Ah there! Finally caught it and was able to close the tab.

So basically it freezes up for an extended period of time.

Latest patched FF, Win8.


weird. it should at least load the main title... the 'action' really happens after pressing play.


Very impressive to say the least. Great job, I'd like to be one day skilled as such in animation.


Most animation designers couldn't do this well in flash or something similar!

Incredibly well-done.


are you FN kidding ? did that kind of crap 10 years ago... with flash.


@podrivo, looks cool. The audio never syncs up on mobile Safari though


podrivo: did you do everything by hand or did you use some kind of IDE?

very cool.


I wanted to study it, so it was all hand coded.


fyi, the start button has a low enough contrast with the BG that it got lost in my (admittedly poor) monitor and left me scratching my head for some time.

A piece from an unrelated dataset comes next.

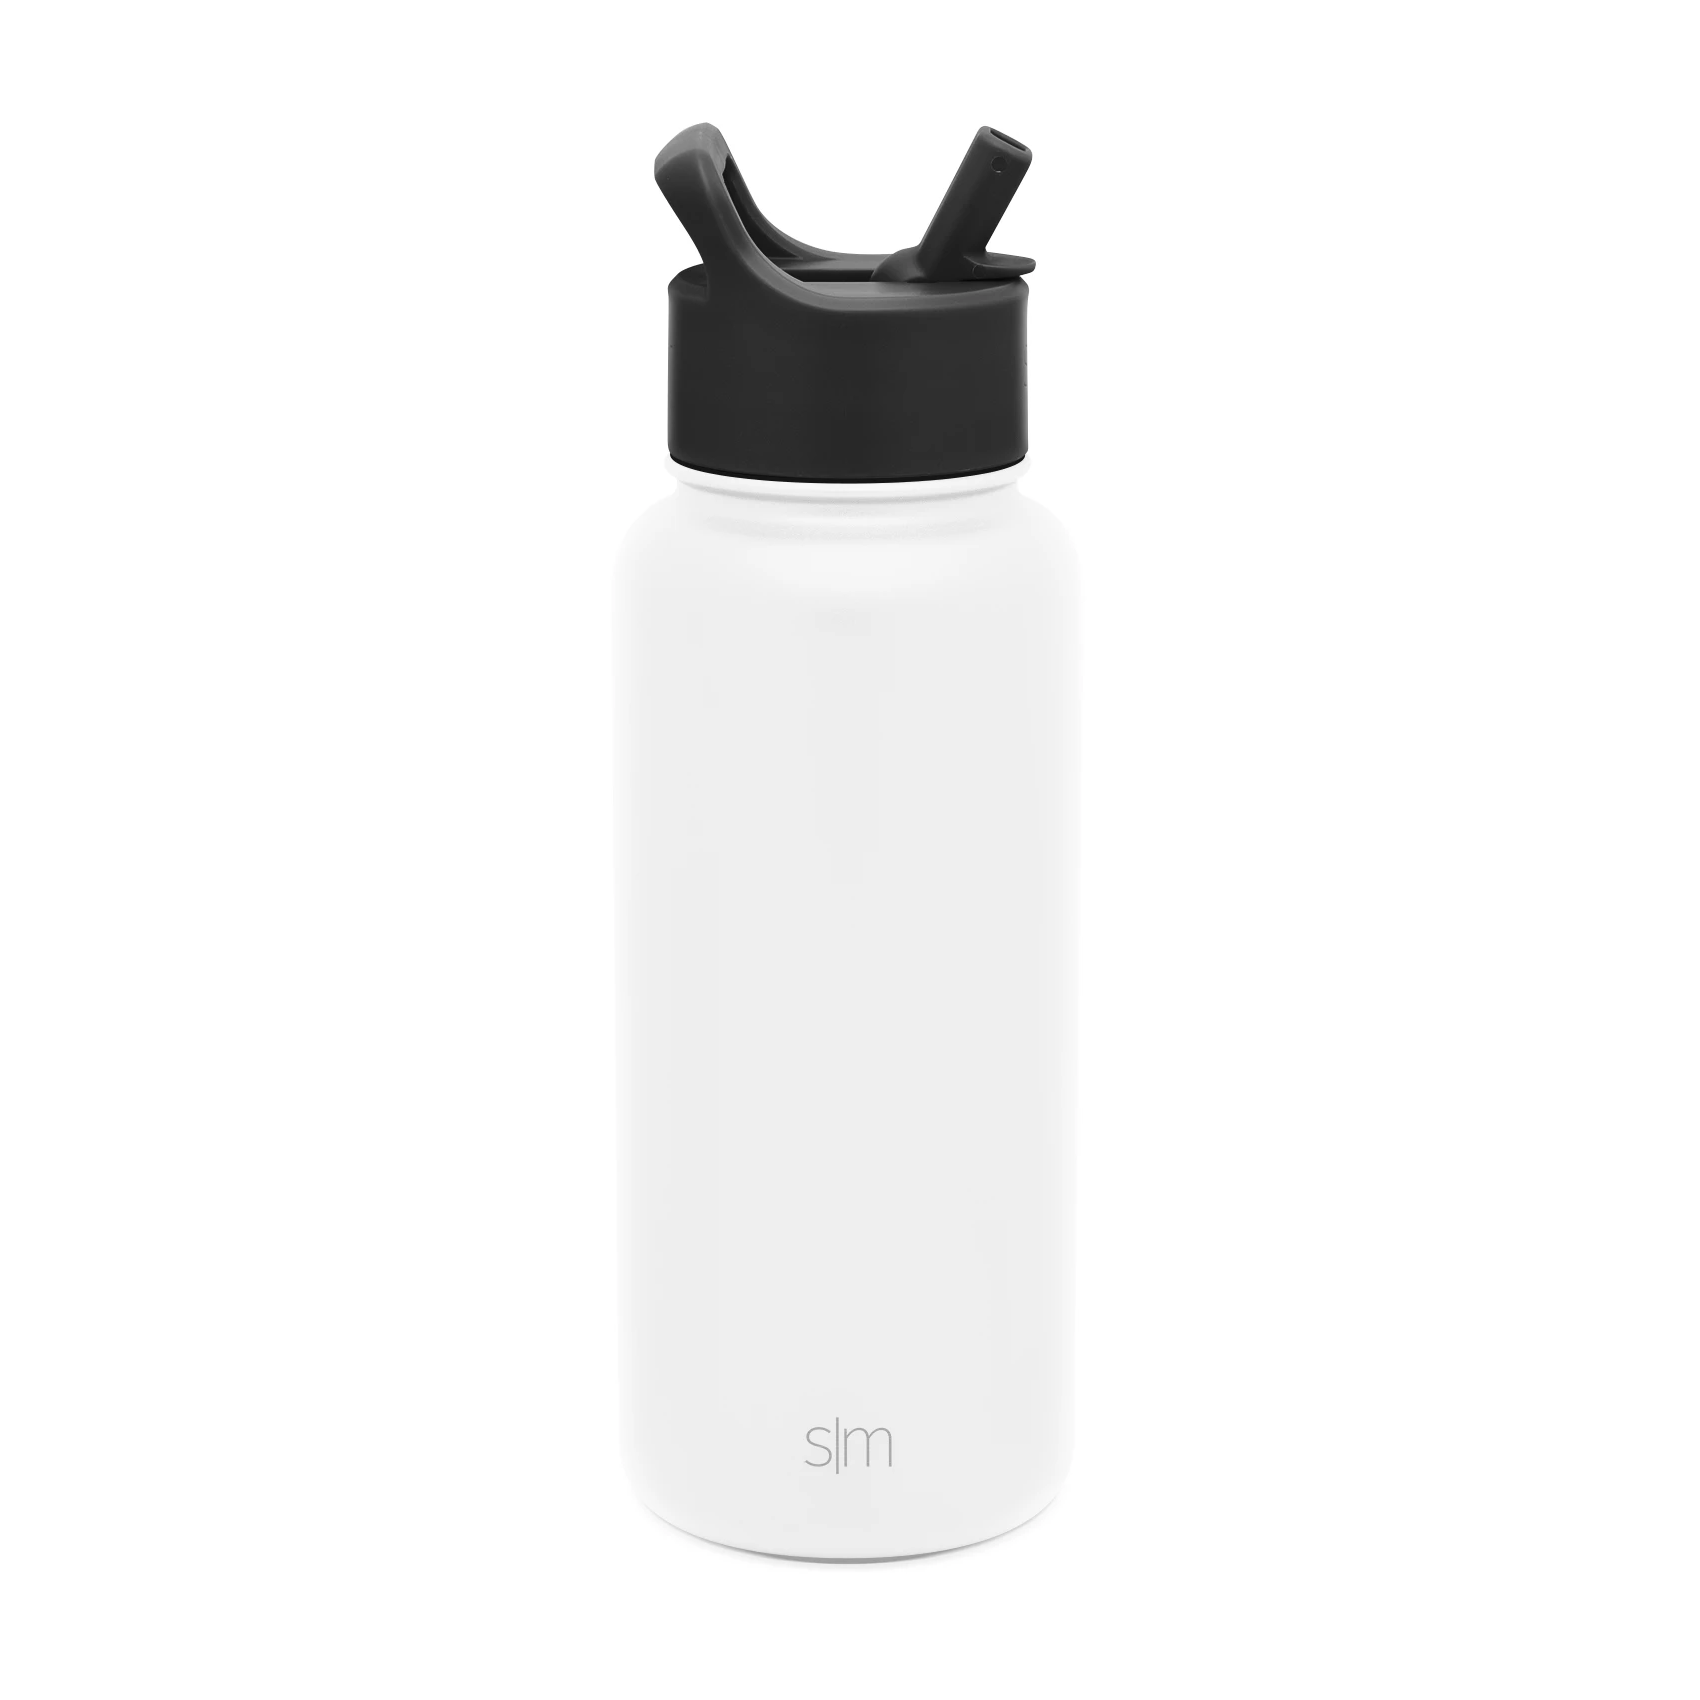 https://img.printfection.com/19/27399/fuqxmo0cEynv3mA/Simple+Modern+Summit+Water+Bottle+%2832+oz%29+-+Winter+White+%28Front%29.png

hmm, thanks. i'll have a look!


Parabéns Pedro, very nice indeed.

Maybe a blog post on how it was done?


there is a lot going on right now, but i intend to do that! Obrigado! (:


Crashed my Chrome (iOS 6)


Wow. Impressive.


This is a nice


Amazing job.


wicked


again , no wow effect , been done already , and 10 years ago.The only challenge is doing that with the crappy standard tech ,but nothing impressive for a flash designer.